About the Author
Shiva Achari has over 8 years of extensive industry experience and is currently working as a Big Data Architect consultant with companies such as Oracle and Teradata. Over the years, he has architected, designed, and developed multiple innovative and high-performance large-scale solutions, such as distributed systems, data centers, big data management tools, SaaS cloud applications, Internet applications, and Data Analytics solutions.
He is also experienced in designing big data and analytics applications, such as ingestion, cleansing, transformation, correlation of different sources, data mining, and user experience in Hadoop, Cassandra, Solr, Storm, R, and Tableau.

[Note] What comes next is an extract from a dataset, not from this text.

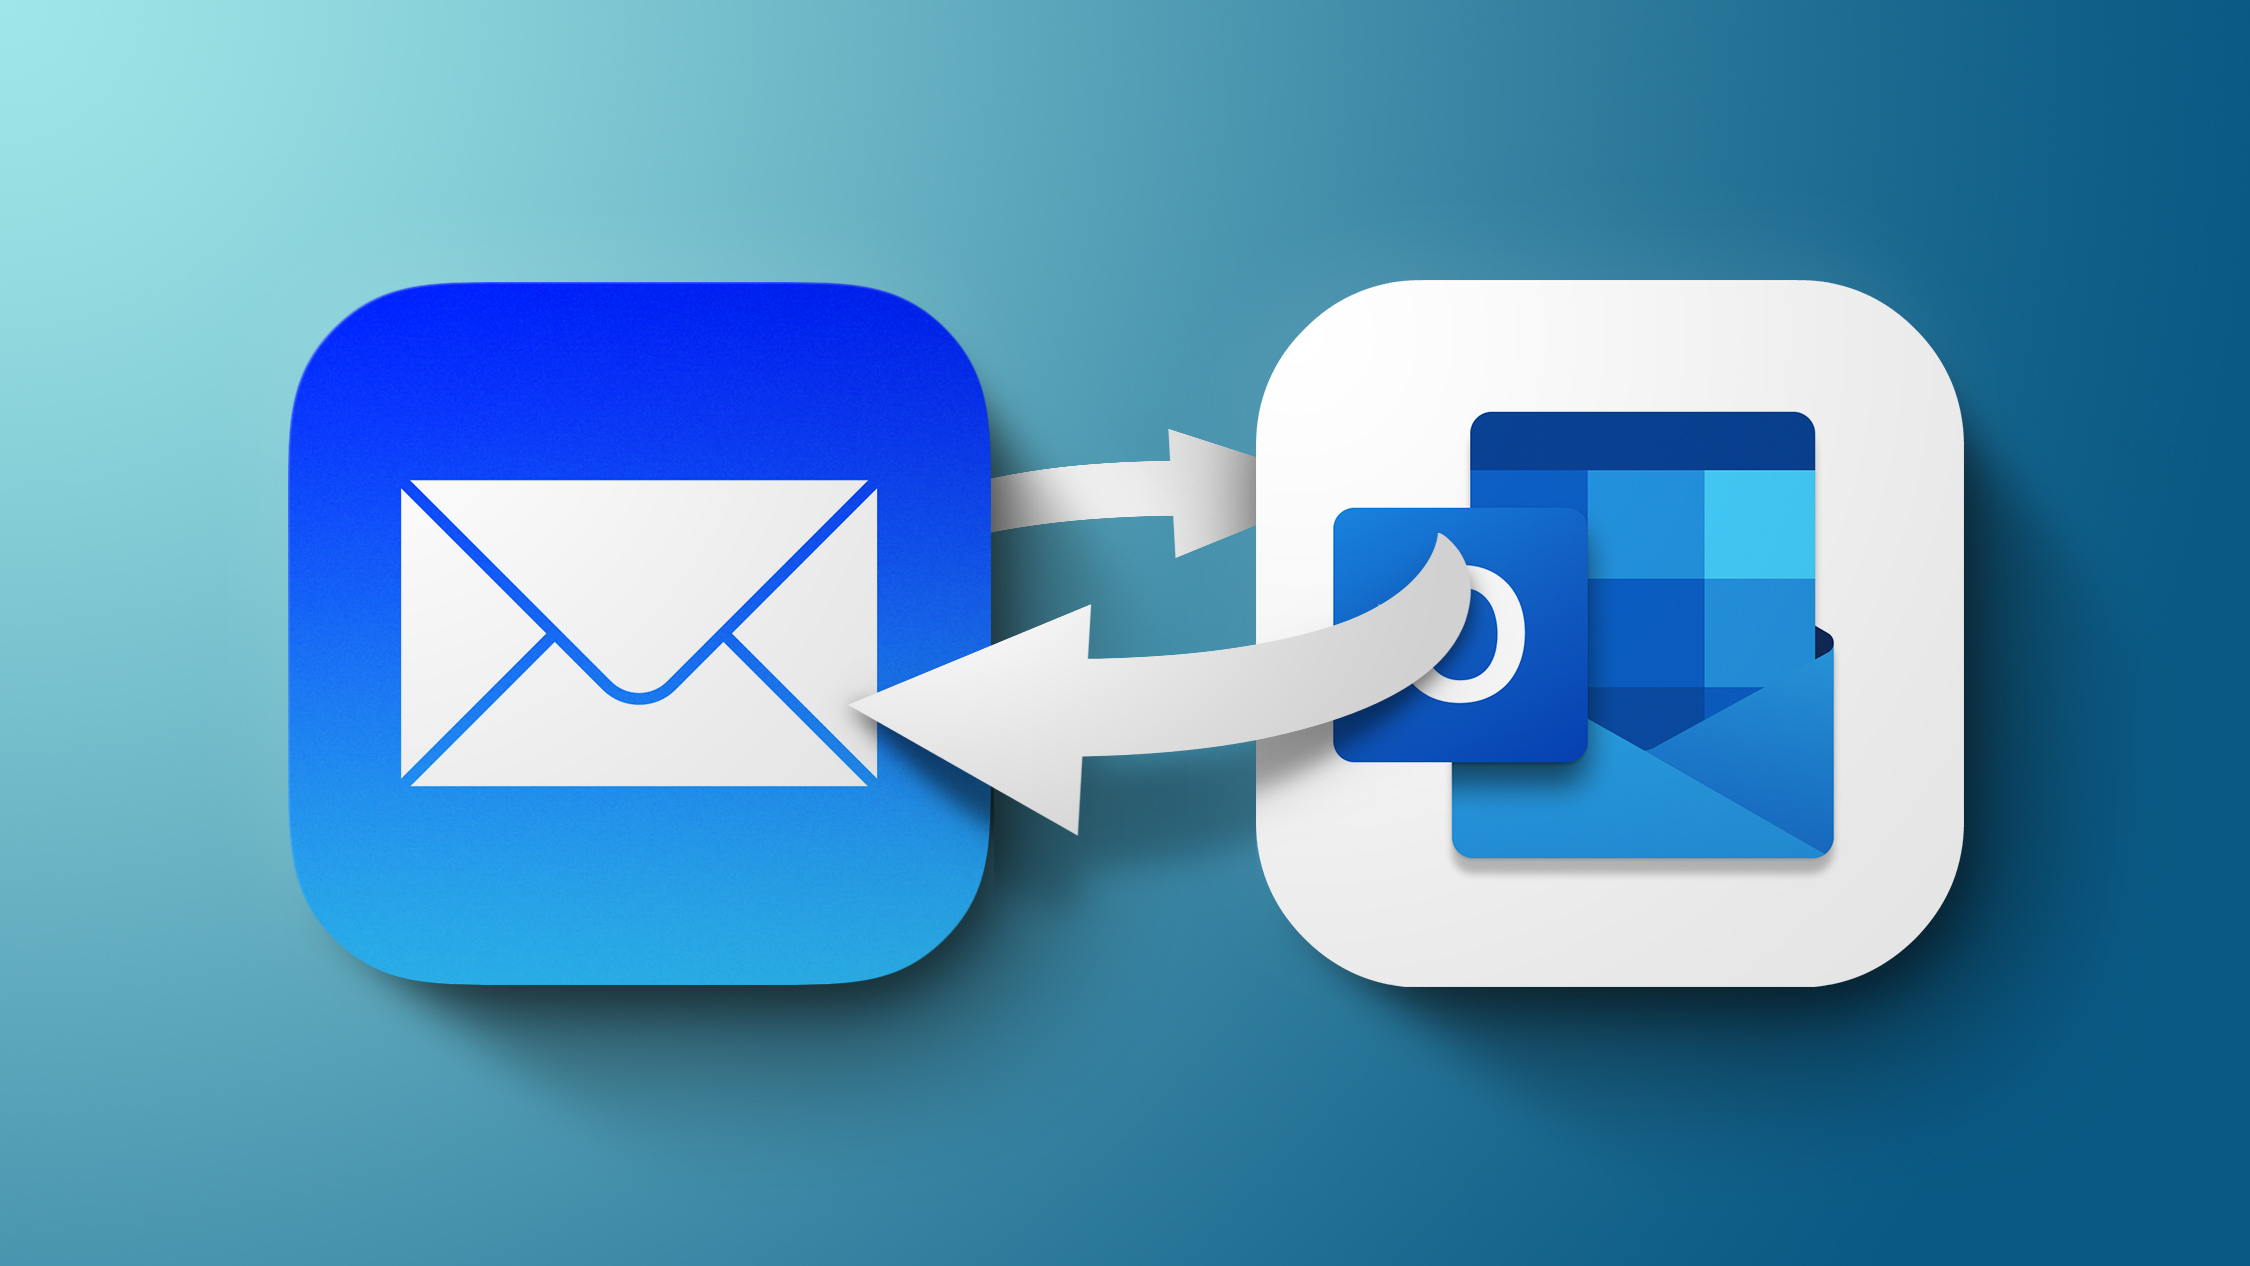 Профиль gmail. Почта IOS. Apple mail (программа). Обновление по картинки. Стандартные картинки профилей gmail и Samsung.

He specializes in developing solutions for the big data domain and possesses sound hands-on experience on projects migrating to the Hadoop world, new developments, product consulting, and POC. He also has hands-on expertise in technologies such as Hadoop, Yarn, Sqoop, Hive, Pig, Flume, Solr, Lucene, Elasticsearch, Zookeeper, Storm, Redis, Cassandra, HBase, MongoDB, Talend, R, Mahout, Tableau, Java, and J2EE.
He has been involved in reviewing Mastering Hadoop , Packt Publishing .
Shiva has expertise in requirement analysis, estimations, technology evaluation, and system architecture along with domain experience in telecoms, Internet applications, document management, healthcare, and media.
Currently, he is supporting presales activities such as writing technical proposals (RFP), providing technical consultation to customers, and managing deliveries of big data practice groups in Teradata.
He is active on his LinkedIn page at http://in.linkedin.com/in/shivaachari/.
Acknowledgments
I would like to dedicate this book to my family, especially my father, mother, and wife. My father is my role model and I cannot find words to thank him enough, and I'm missing him as he passed away last year. My wife and mother have supported me throughout my life. I'd also like to dedicate this book to a special one whom we are expecting this July. Packt Publishing has been very kind and supportive, and I would like to thank all the individuals who were involved in editing, reviewing, and publishing this book. Some of the content was taken from my experiences, research, studies, and from the audiences of some of my trainings. I would like to thank my audience who found the book worth reading and hope that you gain the knowledge and help and implement them in your projects.
About the Reviewers
Anindita Basak is working as a big data cloud consultant and trainer and is highly enthusiastic about core Apache Hadoop, vendor-specific Hadoop distributions, and the Hadoop open source ecosystem. She works as a specialist in a big data start-up in the Bay area and with fortune brand clients across the U.S. She has been playing with Hadoop on Azure from the days of its incubation (that is, www.hadooponazure.com). Previously in her role, she has worked as a module lead for Alten Group Company and in the Azure Pro Direct Delivery group for Microsoft. She has also worked as a senior software engineer on the implementation and migration of various enterprise applications on Azure Cloud in the healthcare, retail, and financial domain. She started her journey with Microsoft Azure in the Microsoft Cloud Integration Engineering (CIE) team and worked as a support engineer for Microsoft India (R&D) Pvt. Ltd.
With more than 7 years of experience with the Microsoft .NET, Java, and the Hadoop technology stack, she is solely focused on the big data cloud and data science. She is a technical speaker, active blogger, and conducts various training programs on the Hortonworks and Cloudera developer/administrative certification programs. As an MVB, she loves to share her technical experience and expertise through her blog at http://anindita9.wordpress.com and http://anindita9.azurewebsites.net. You can get a deeper insight into her professional life on her LinkedIn page, and you can follow her on Twitter. Her Twitter handle is @imcuteani
.
She recently worked as a technical reviewer for HDInsight Essentials (volume I and II) and Microsoft Tabular Modeling Cookbook , both by Packt Publishing.
Ralf Becher has worked as an IT system architect and data management consultant for more than 15 years in the areas of banking, insurance, logistics, automotive, and retail.
He is specialized in modern, quality-assured data management. He has been helping customers process, evaluate, and maintain the quality of the company data by helping them introduce, implement, and improve complex solutions in the fields of data architecture, data integration, data migration, master data management, metadata management, data warehousing, and business intelligence.
He started working with big data on Hadoop in 2012. He runs his BI and data integration blog at http://irregular-bi.tumblr.com/.
Marius Danciu has over 15 years of experience in developing and architecting Java platform server-side applications in the data synchronization and big data analytics fields. He's very fond of the Scala programming language and functional programming concepts and finding its applicability in everyday work. He is the coauthor of The Definitive Guide to Lift , Apress .
Dmitry Spikhalskiy is currently holding the position of a software engineer at the Russian social network, Odnoklassniki, and working on a search engine, video recommendation system, and movie content analysis.